* [Problem details]:
Nothing but the text belongs in the answer: the listing below, copied exactly, without pictures.

* [Dataset content]:
=======

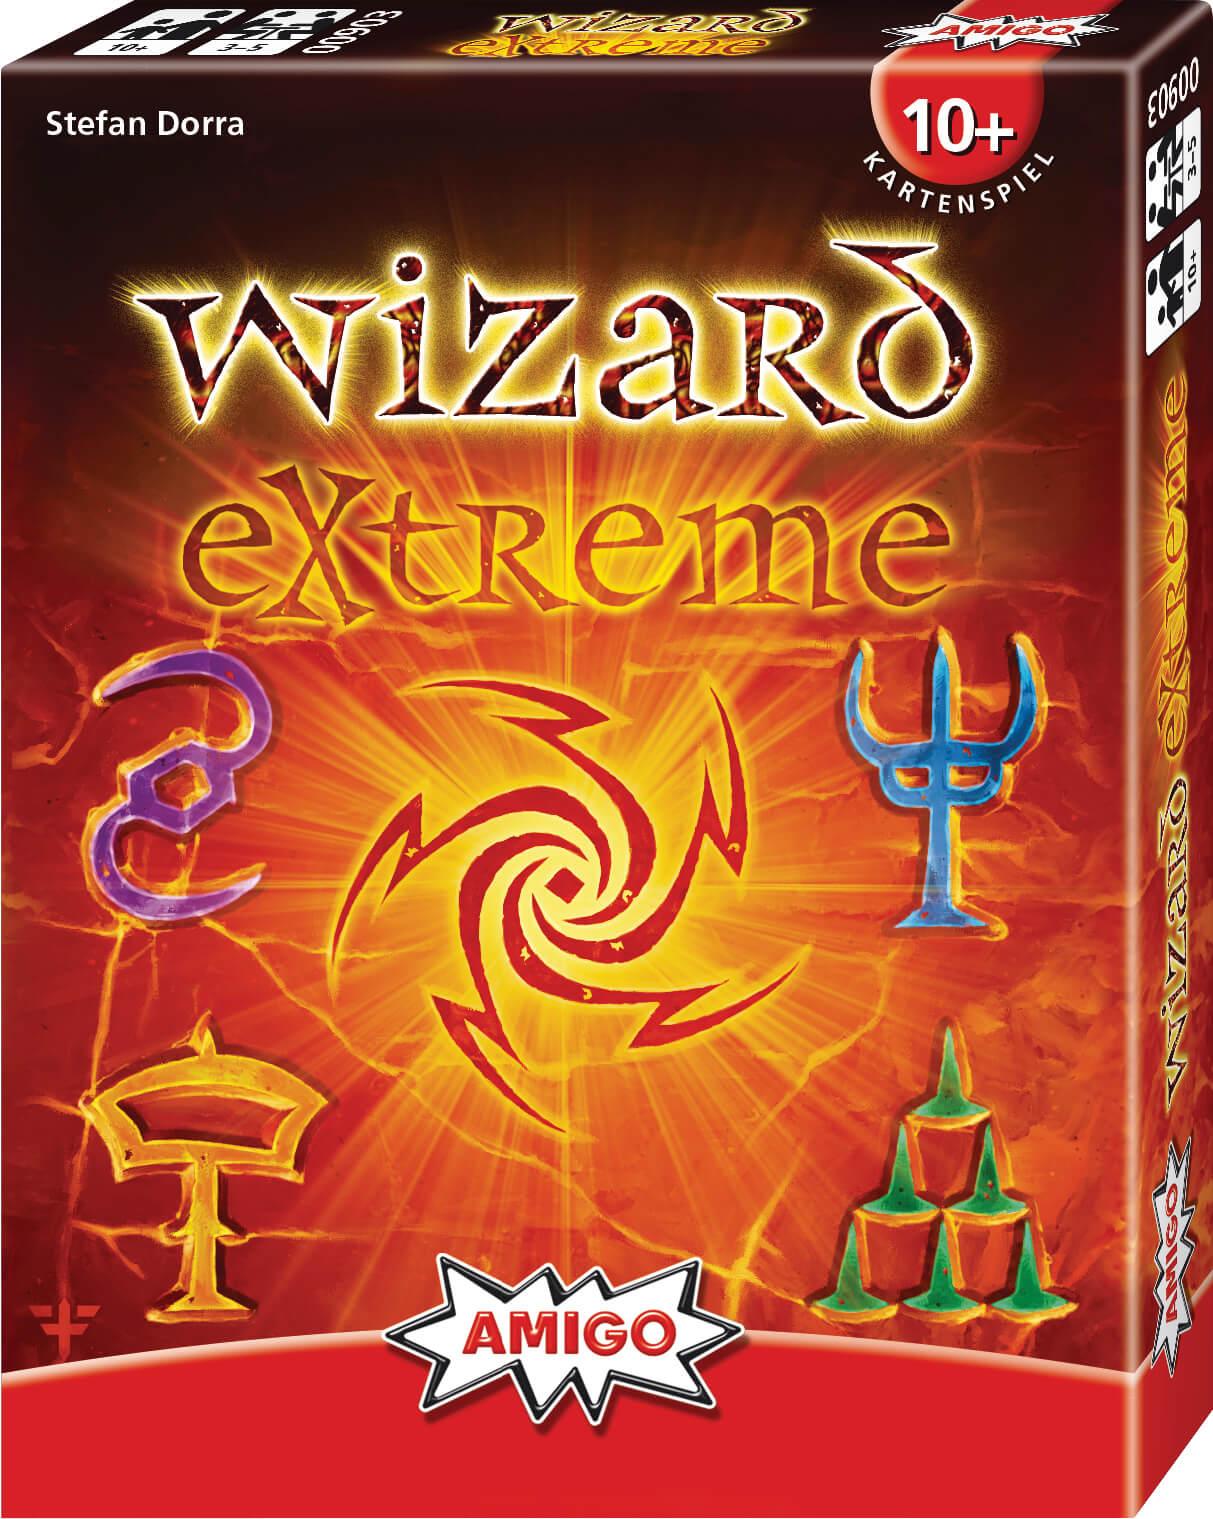 Schachtel Vorderseite, rechte Seite- Wizard Extreme
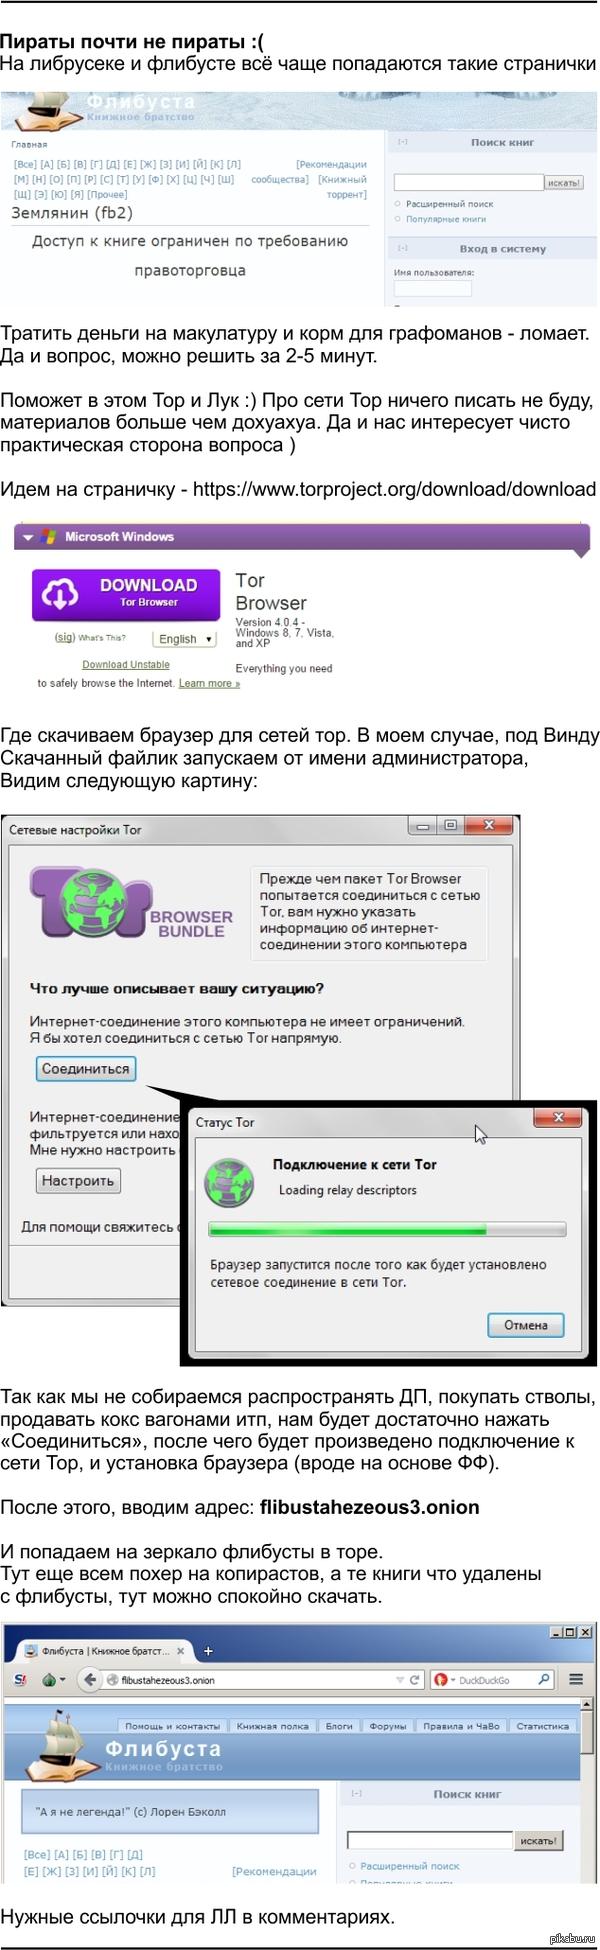 Браузер тор флибуста tor browser сеть hydra2web
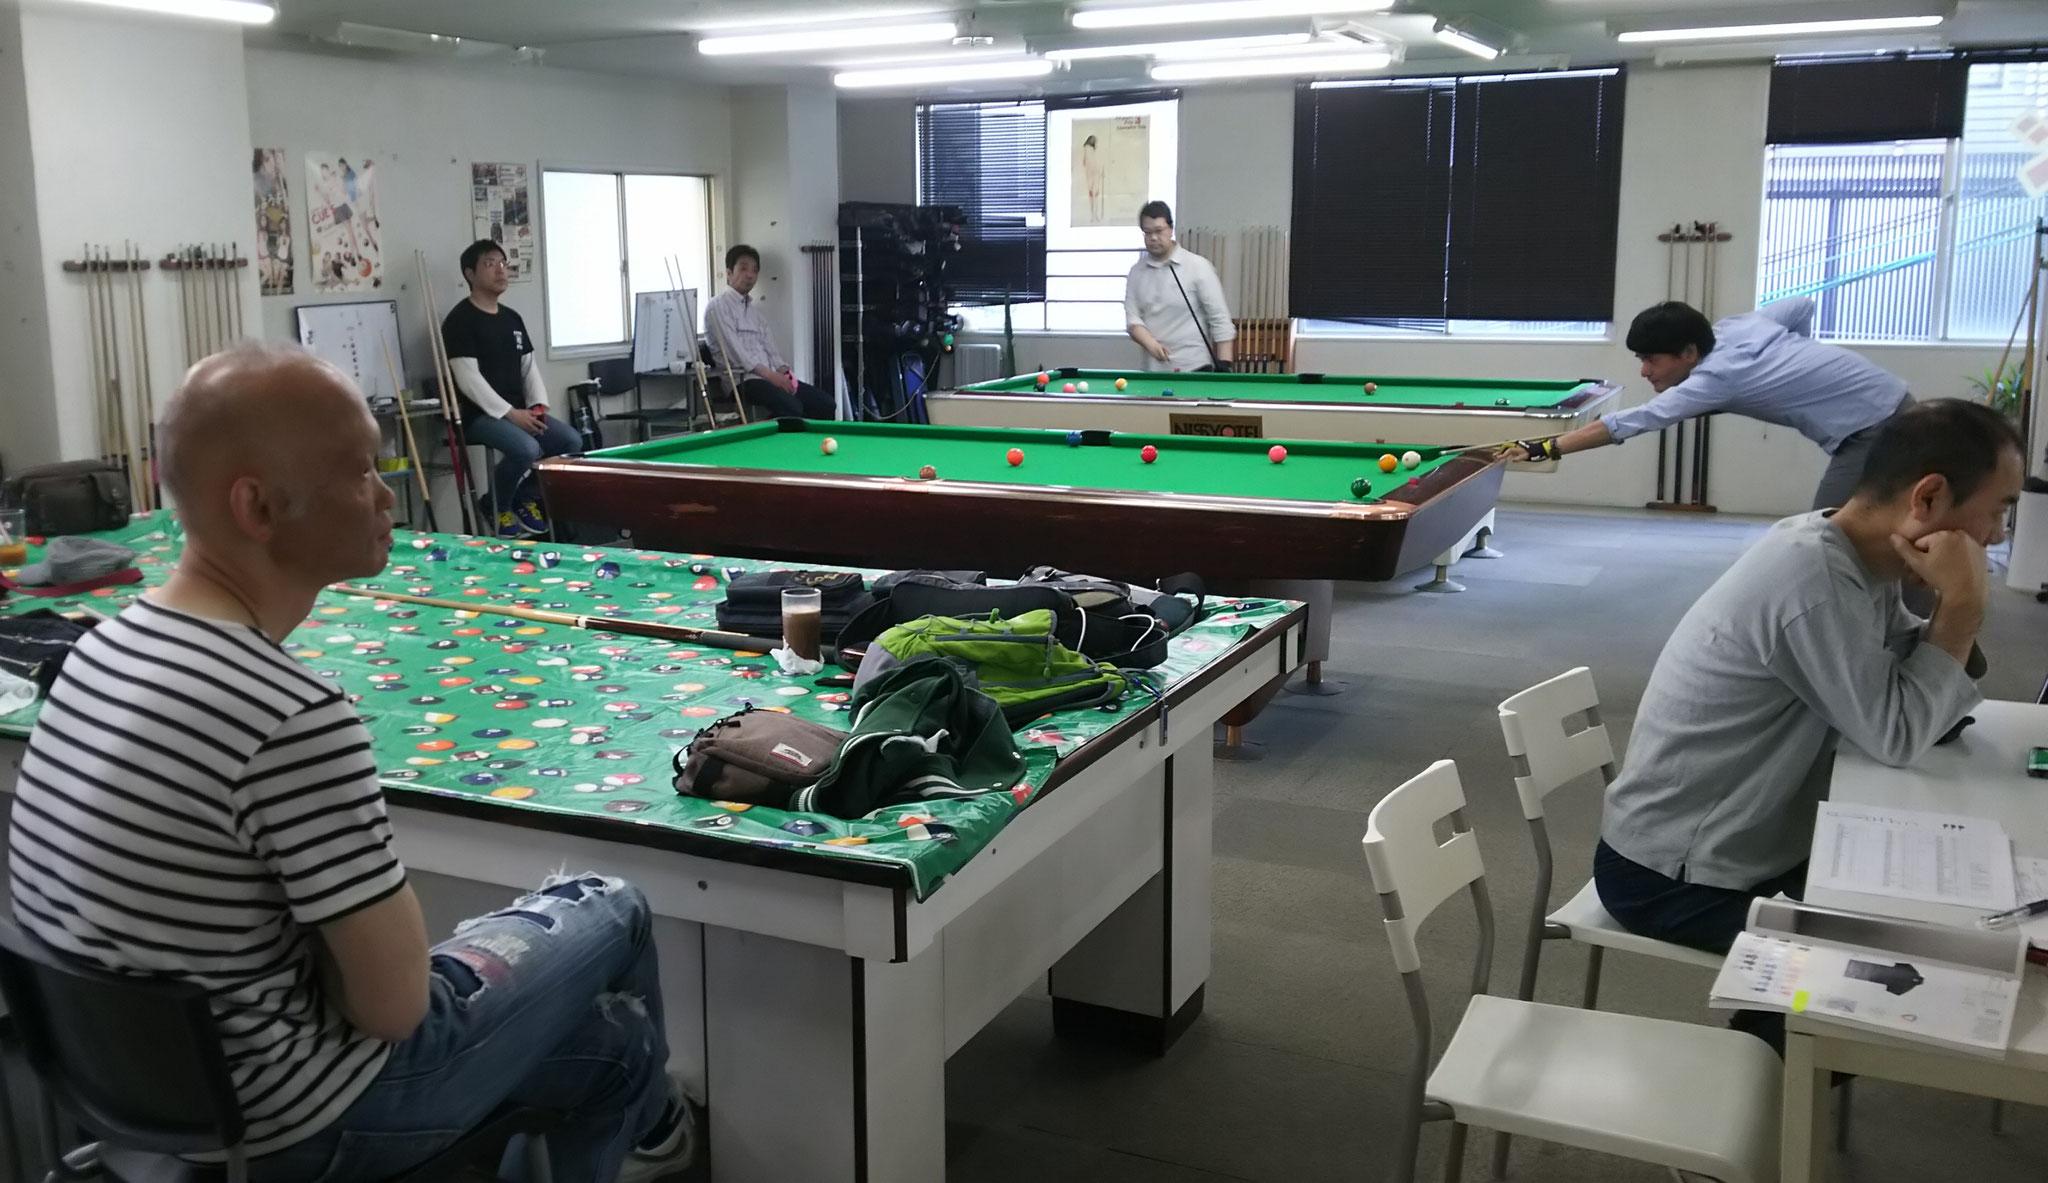 試合風景。とみさんは運営も手伝ってくれました。
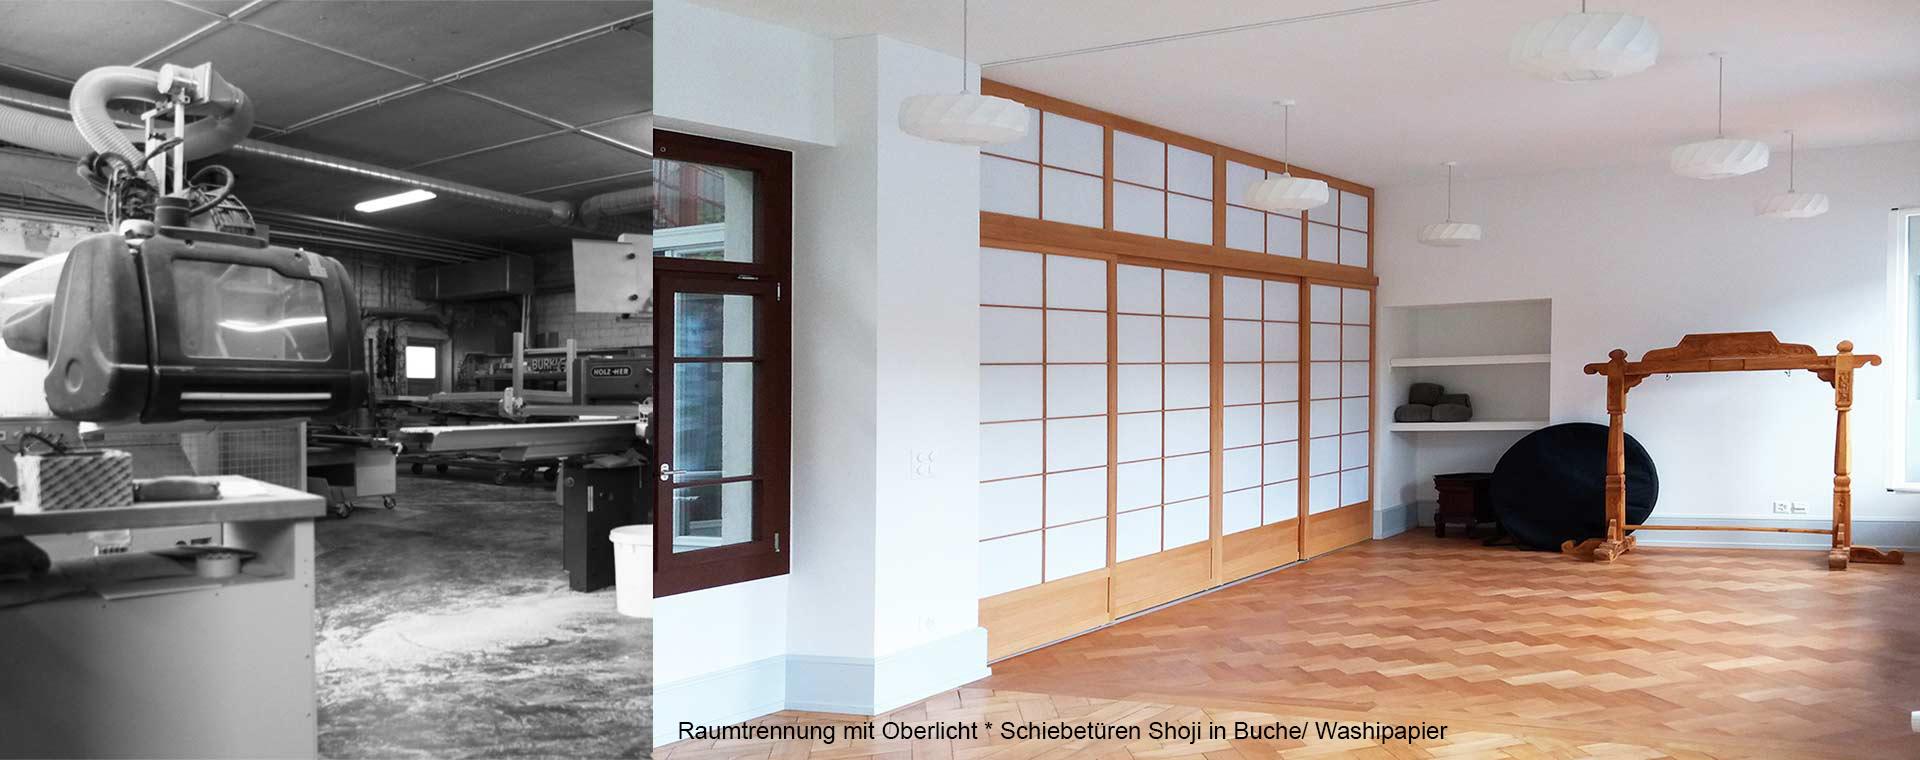 Shoji Raumtrennung in Buche von Holzrwum in Freiburg

=======

* [Answer box]:
 Schachtel Vorderseite, rechte Seite- Wizard Extreme
 Браузер тор флибуста tor browser сеть hydra2web
 試合風景。とみさんは運営も手伝ってくれました。
 Shoji Raumtrennung in Buche von Holzrwum in Freiburg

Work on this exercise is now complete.